Golden Bloomed Grey Longhorn - Agapanthia villosoviridescens

Scientific Name: Agapanthia villosoviridescens.

English Name: Golden Bloomed Grey Longhorn.

French Name: L'Agapanthie à pilosité verdâtre or saperde à pilosité verdâtre

5 Key Characters:
  • usually on thistles Cirsium or Carduus spp or hogweed Heracleum spp.
  • antennae black but dusted pale blue grey except for the tips of each segment, giving a distinctive 'black and white' striped effect.
  • the short greeny golden hairs on the wing cases (elytra) are arranged in wavy rows.
  • a medium sized longhorn (10 - 22 mm) with the very long antennae typical of this family of beetles (Cerambycidae).
  • females are bigger than males.
Lookalikes: A. dahli, which has slightly pinkish dusting on the antennae and a definite tuft of hairs at the top of the third antennal segment. A. villosoviridescens has a few hairs in this position, but not a real tuft.

Habitat: Damp places where the host plants are present (thistles Cirsium and Carduus spp and hogweeds Heracleum spp). Females bite a hole in the stem of the host plant and deposit an egg. The larvae live inside the stems.

Adult Active Period: May-June-July.

Status: Probably reasonably common but under recorded.

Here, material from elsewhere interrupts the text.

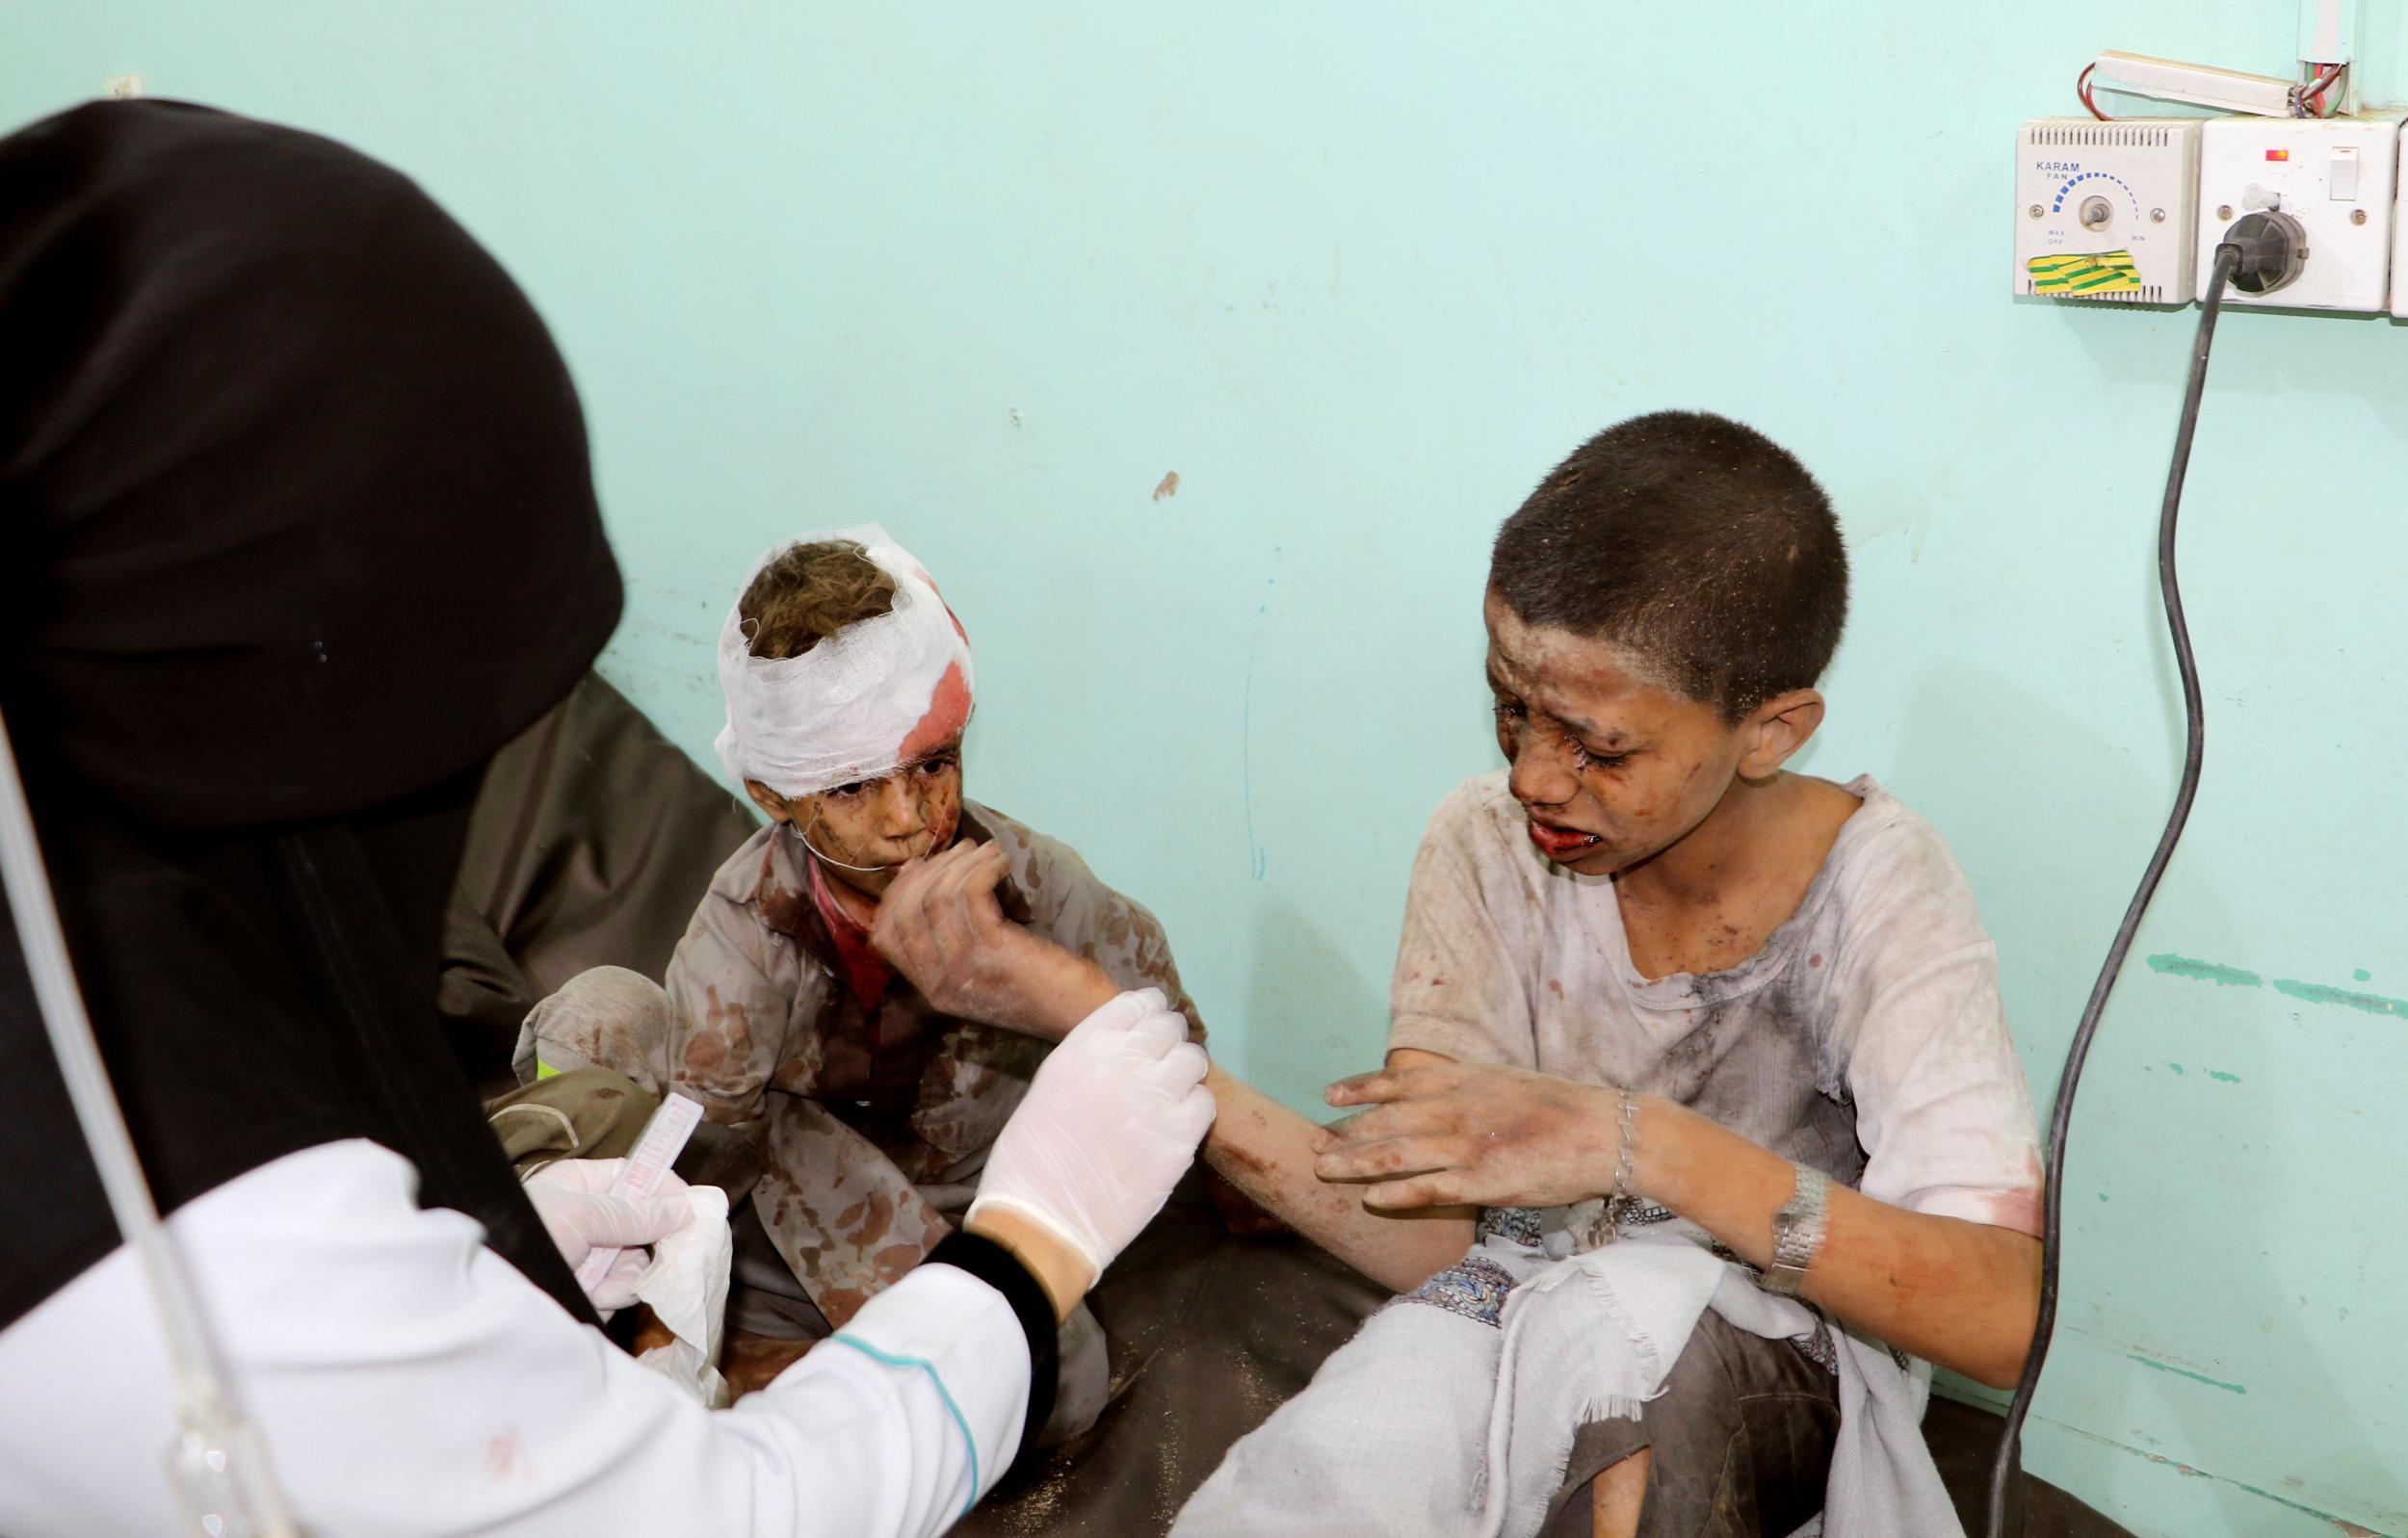 Saudi coalition airstrike hits school bus killing dozens of children in Yemen

The INPN map shows a very patchy distribution, with no records for this area, however we have recorded it in the Aigronne Valley.

Photographed by Loire Valley Nature:

Photographs are numbered from left to right and top to bottom. All photos will enlarge in a new window if you click on them. 1 detail of the antennae. Note that the first antennal segment is fat and black with some black hairs, the second is tiny and black, the third is long and dusted pale grey on the bottom three quarters. There are a few black hairs on the black tip of segment three, but not a real brush like tuft. 2 on Marsh Thistle Cirsium palustre by a bief (millstream), Aigronne Valley, May.

On Common Nettle Urtica dioica near the Maison de Nature in the Brenne.